マスコミの誤報について その六 蓼喰うバグも好き好き

 以下,朝日新聞のコンピュータ関連報道をざっと駆け足で見ていこう。

 1987年9月,「日本IBM,一般家庭向けパソコンから撤退 日電などに押され」。
 何かといえば,あの,IBM5550の家庭向けとして森進一まで使って発売された,上にバカが付くほど価格が高くて,遅くて,ソフトがなくて,販売チャネルもないためさっぱり売れなくて,倉庫に余りに余って,数度にわたって社員に押し付けたがそれでも処理しきれなかった16ビット機「JX」の撤退記事である。撤退もなにも,コンシューマ市場では参入できてない次元だったと思うが。
 ……過去,ほとんどのパソコン,家電製品の製造終了を記事にしなかった朝日新聞,なにもよりによってそんなものの撤退記事を載せることもあるまいに,やはりIBMの名前に「ゆゆしきことらしい」と反応してしまうのだろうか。しかも記事をよく読むと,「家庭向けの中でも教育用としては,上位機種を中心に販売を続ける意向」,なんだ撤退ですらない。在庫を処理したいので,もう一度だけ記事にしてくれないかと頼まれでもしたのかしらん。
(仕事でしばらく5550を使っていた烏丸,JX発売当時,個人で購入しないかとIBMの営業マンに持ちかけられたが,今思うと断ってまことに惜しいことをした。インターネットを探しても,個人でJXを購入した経験談などほとんどないのである。)

 1996年12月,科学欄のJPEG技術を紹介する記事。
 「JPEGは,画像の細かい部分が少しぐらい変化しても人間の目が気づかないことを利用する。画像に離散コサイン変換(DCT)という細工をし、大きな構造と細かい構造に分解し、画像の全体にあまり関係がない細かい構造は捨てる。」
 ふむふむ,なるほど。問題はその続き。
 「顔の画像なら,顔の輪郭や髪形などの情報は間違いなく残し,細かいニキビや髪の毛一本ずつの情報は,思い切って減らす。」
 思い切っても,離散コサイン変換ではニキビは減らないと思うが。傍には牛の図があって,DCT変換をすると地面の情報,空の情報が「粗い」,牛の情報,雲の情報,牧草の情報が「細かい」。……いや,あの,その。
 画像変換についての知識のない文系の記者が,専門家に説明を仰いだ際に説明のための比喩を真に受けた,といったあたりか。
 ちなみに,なぜすでに技術として(よい意味で)枯れたJPEGを取り上げたかいえば,NTT情報通信研究所の所長安田浩氏がエミー賞の科学技術賞を受賞したため。記事にするのはともかく,1996年にもなって「画像圧縮に熱い視線」の記事タイトルはいかがなものか。

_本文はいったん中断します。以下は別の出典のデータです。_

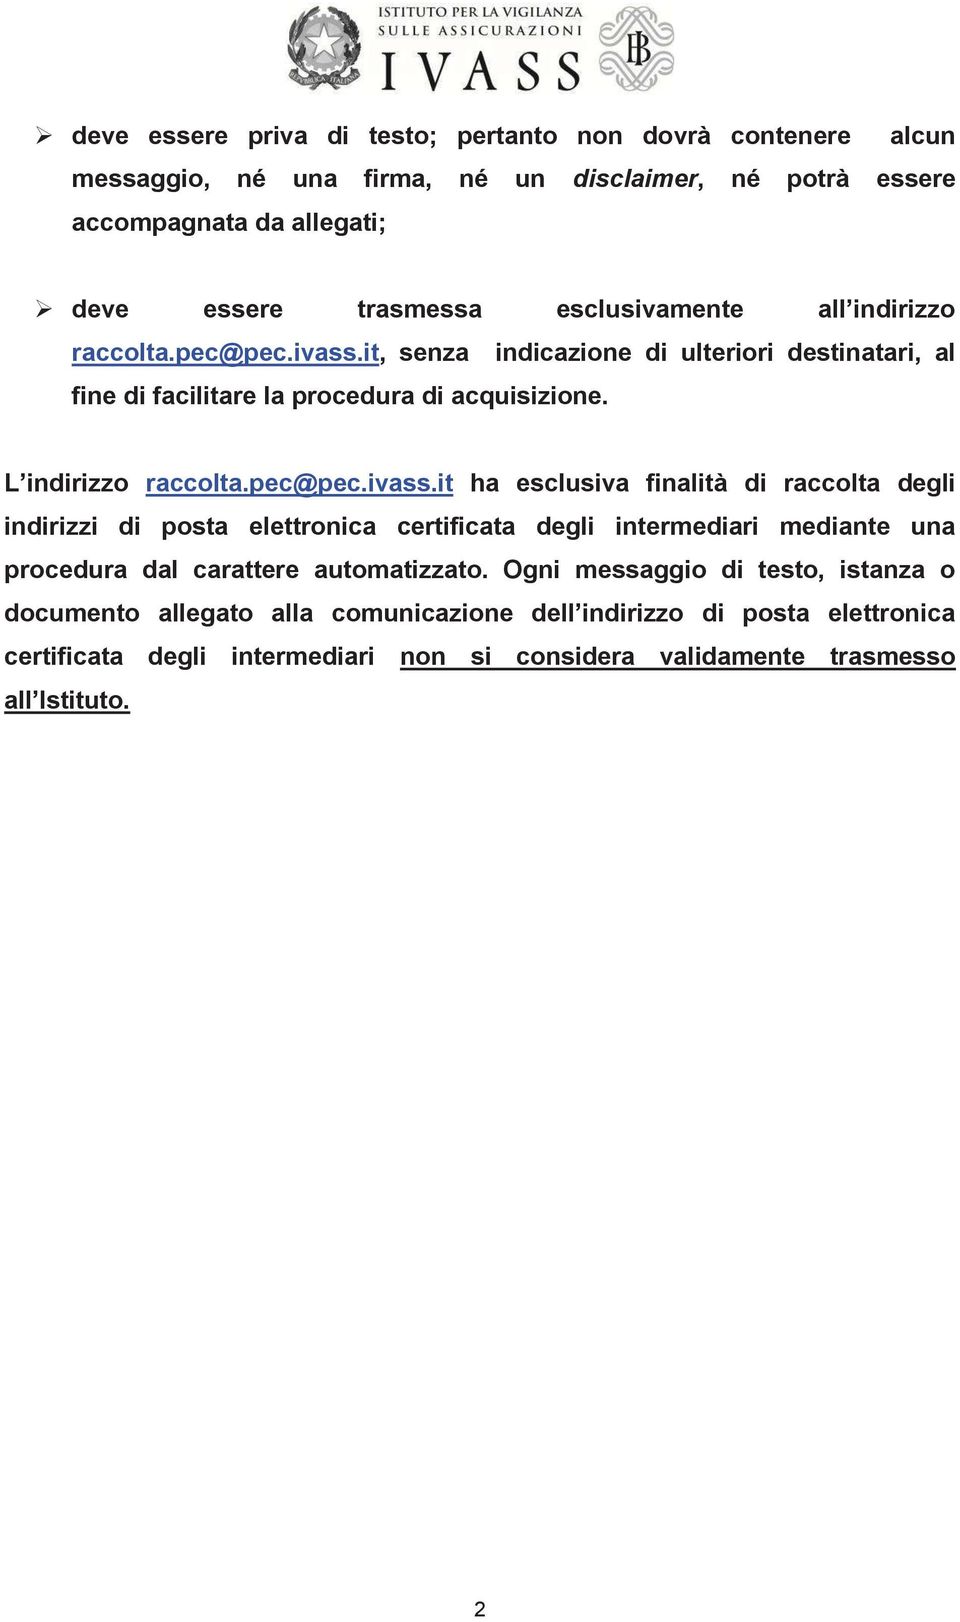 pec@pec.ivass.it ha esclusiva finalità di raccolta degli indirizzi di posta elettronica certificata degli intermediari mediante una procedura dal carattere automatizzato.

 これは比較的最近の記事。1999年10月の夕刊,社会面トップ。
 「ソフト『一太郎10』成人の日はいつ? 祝日改正知らず」,つまりジャストシステムが祝日の改正を知らないで,2000年の成人の日を15日にしたままだった……そりゃ,障害といえば障害だが,ワープロソフトのカレンダー出力機能なんていったい誰が使うんだか。コンピュータの「2000年問題」関連の話題を探していた記者の目にたまたまとまったのだろうが,オマケソフトに社会面のトップ費やして「ユーザーの1人は『欠陥があるのに,修正はおろか問題点を知らせもしないのは不親切』」ではさすがにジャストシステムがお気の毒。

 そんなことより,2000年問題に怯えて「データが読めなくなるといけないから」と数万枚の紙に預金データをプリントアウトしたどこかの銀行のおまぬーを指摘するほうがまだ有意義だったと思うのだけれど。2000年になってコンピュータが壊れたら,プリントアウトからデータを入力し直すつもりだったんでしょうか。